Fishers Island Sound, which lies between 71o53'W and 72o03'W., is about 14 km long and 4.6 km wide (fig. 1). The sound is bordered by Fishers Island, N.Y., on the south, southeastern Connecticut on the north, and southwestern Rhode Island on the northeast. Fishers Island Sound opens into eastern Long Island Sound on the west and into Block Island Sound to the southeast. Water depths in Fishers Island Sound are irregular, but generally increase toward the west where the maximum water depth exceeds 28 m (fig. 2).
Crystalline rocks of pre-Mesozoic age dominate the bedrock lithology beneath Fishers Island Sound (Needell and Lewis, 1984; Lewis and Needell, 1987). Onshore in southeastern Connecticut, dark-gray, fine- to medium-grained, Precambrian (Avalonian terrane; Rodgers, 1985) rocks of the Rope Ferry Gneiss and (to a lesser extent) rocks of the Potter Hill Granitic Gneiss and the Hope Vally Alaskite Gneiss cropout in the New London, Mystic, and Old Mystic 7.5-minute Quadrangles (Goldsmith, 1967, 1985; Rodgers, 1985). The Avalonian anticlinorium is locally intruded by the Westerly Granite (Permian) now noted by Hermes and others (1994) as the fine-grained component of the Narragansett Pier plutonic suite. In southwestern Rhode Island, pinkish-gray, Permian, magmatic rocks of the Narragansett Pier Granite cropout in the Watch Hill Quadrangle and underlie Napatree Point (Moore, 1967).
The bedrock in Fishers Island Sound is unconformably overlain by glacial deposits that are composed mainly of glaciolacustrine silt and sand laid down as deltaic fans and of glacial drift laid down as part of a series of recessional end moraines across southeastern Connecticut (Goldsmith, 1962; Upson, 1971; Lewis and Stone, 1991; Stone and others, 1992). The Harbor Hill - Roanoke Point - Charlestown moraine belt, which is of late Wisconsinan age, lies across northern Long Island and also makes up Fishers Island (fig. 1). A less prominent end moraine (the Clumps moraine) controls much of the bathymetric relief in the central and southern part of Fishers Island Sound. Salt marsh and swamp deposits overlie bedrock and some thinner glacial deposits in environments of low wave energy along the northern shoreline of the sound (Stone and others, 1992).

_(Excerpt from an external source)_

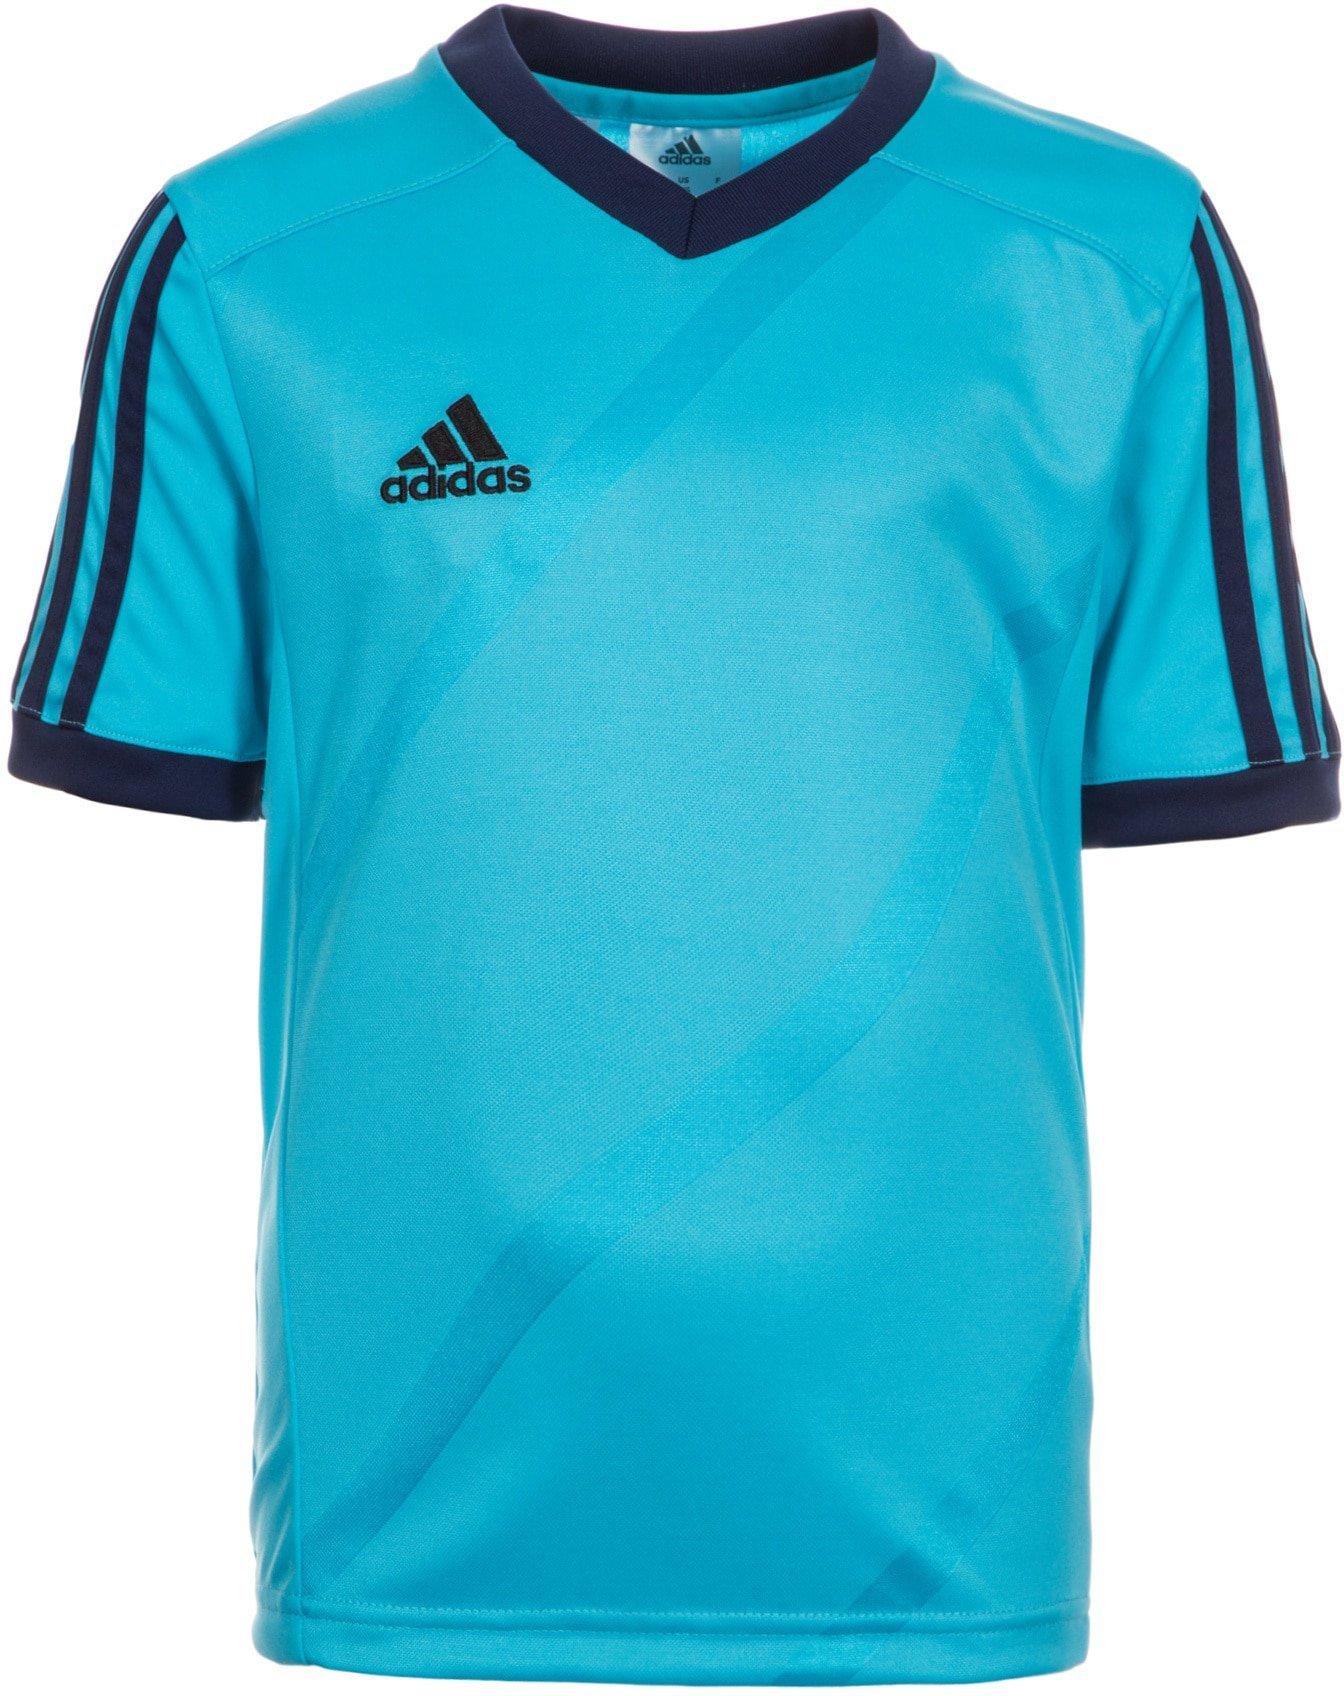 Adidas Tabela 14 Trikot super cyan s12dark blue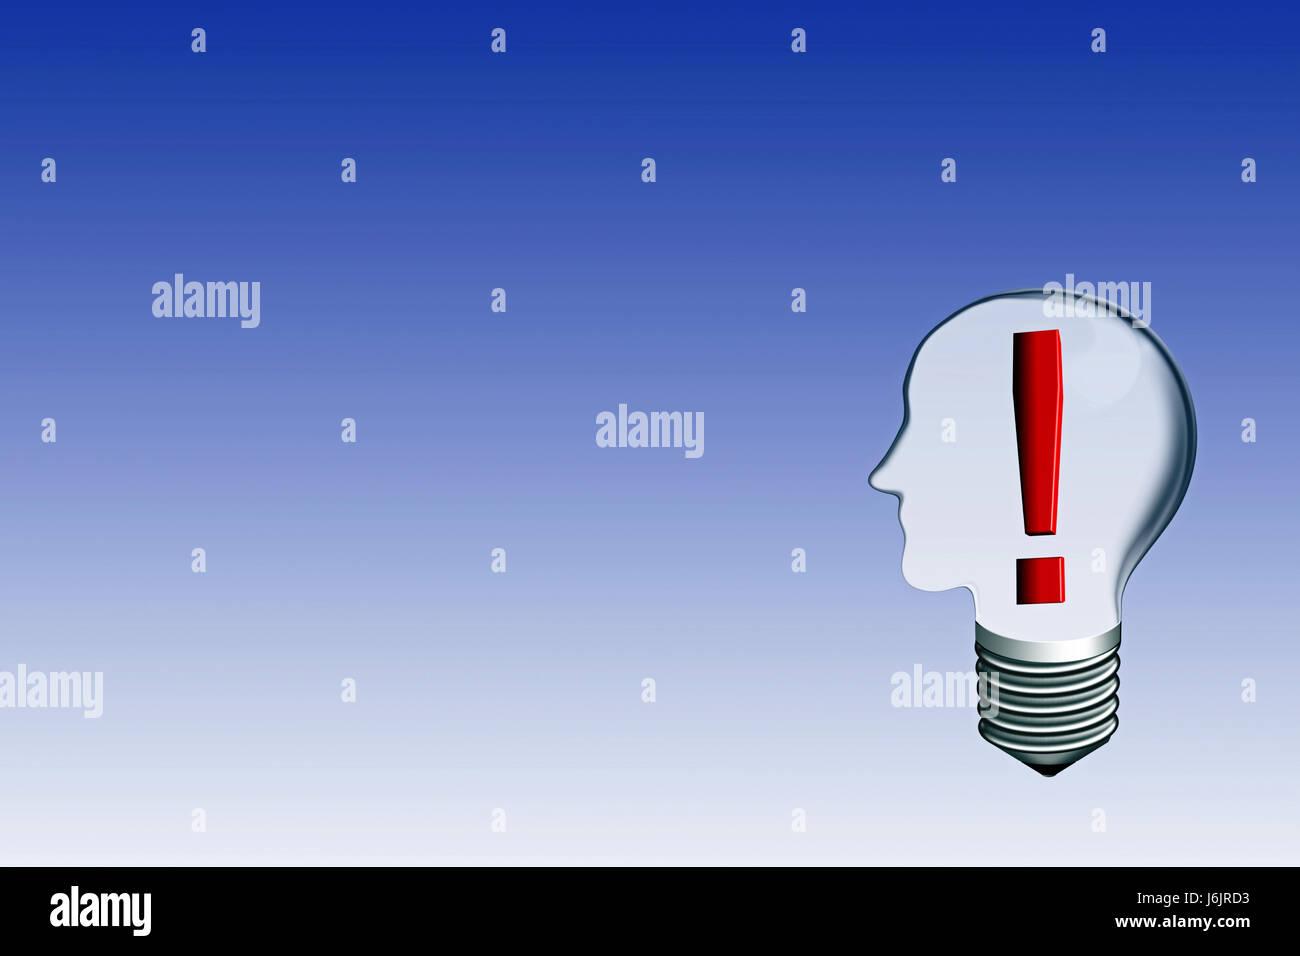 science think thoughts brainwave intelligence opening foundation inspiration Stock Photo

The surficial bottom sediments of the sound are composed predominantly of materials that have been reworked from the glacial deposits during Holocene time by strong tidal currents that range up to 2.0 knots (Eldridge Tide and Pilot Book, 1994). The irregular bottom topography, well-developed bedforms, and extensive lag deposits of boulders that occur in Fishers Island Sound reflect this scour, transport, and reworking of the glacial and early postglacial deposits (Lewis and Stone, 1991).
DATA COLLECTION AND PROCESSING
Sidescan sonar imagery, bathymetry, 3.5-kHz high-resolution seismic-reflection profiles, and navigational data were collected along tracks spaced 150 m apart aboard the RV Asterias during June 10-11, 1995 (figs. 2, 3, and 5). The bathymetric data were collected by means of a 200-kHz echo sounder, and the data were logged digitally. The subbottom data (fig. 3) were collected in analog form using an Ocean Research Equipment 3.5-kHz profiler transmitting at a 0.25-s repetition rate. The sidescan sonar data were collected using a 100-kHz Klein sidescan sonar system set to sweep 100 m to either side of the ship's track. These data were logged digitally to 8-mm tape on a QMIPS data acquisition system (Danforth and others, 1991). Ship position was determined with a differential Global Positioning System (GPS) was logged digitally at 10-s intervals. The bathymetric data were corrected for the approximately 0.82-m tidal range in the study area by adjusting the measured depth values to the predicted mean sea level for New London, Conn., approximately 3 km west of the study area.
The sidescan sonar data were processed according to procedures summarized by Danforth and others (1991) and Paskevich (1992a, b). Briefly, the sonar data were multiplexed and filtered to convert the data into a processing format and to remove speckle noise and corrected for slant-range distortions. Additional corrections were applied to compensate for signal attenuation and dropped lines in the sonar data. A contrast enhancement based on the dynamic range of the data was applied, ship navigation was merged with the sonar data, and the data were geographically oriented and displayed on a Mercator grid.
After this preliminary processing the data were used to make the composite digital mosaic. Alternating strips of sonar data were placed in their proper geographic location at the appropriate scale and projection (Paskevich,1992c). Adjacent sonar images were matched for tone and images were progressively combined into a composite digital image; unwanted data where two images overlapped were digitally. Registration between the shiptrack navigation and the strips of sidescan sonar data are generally good throughout the study area.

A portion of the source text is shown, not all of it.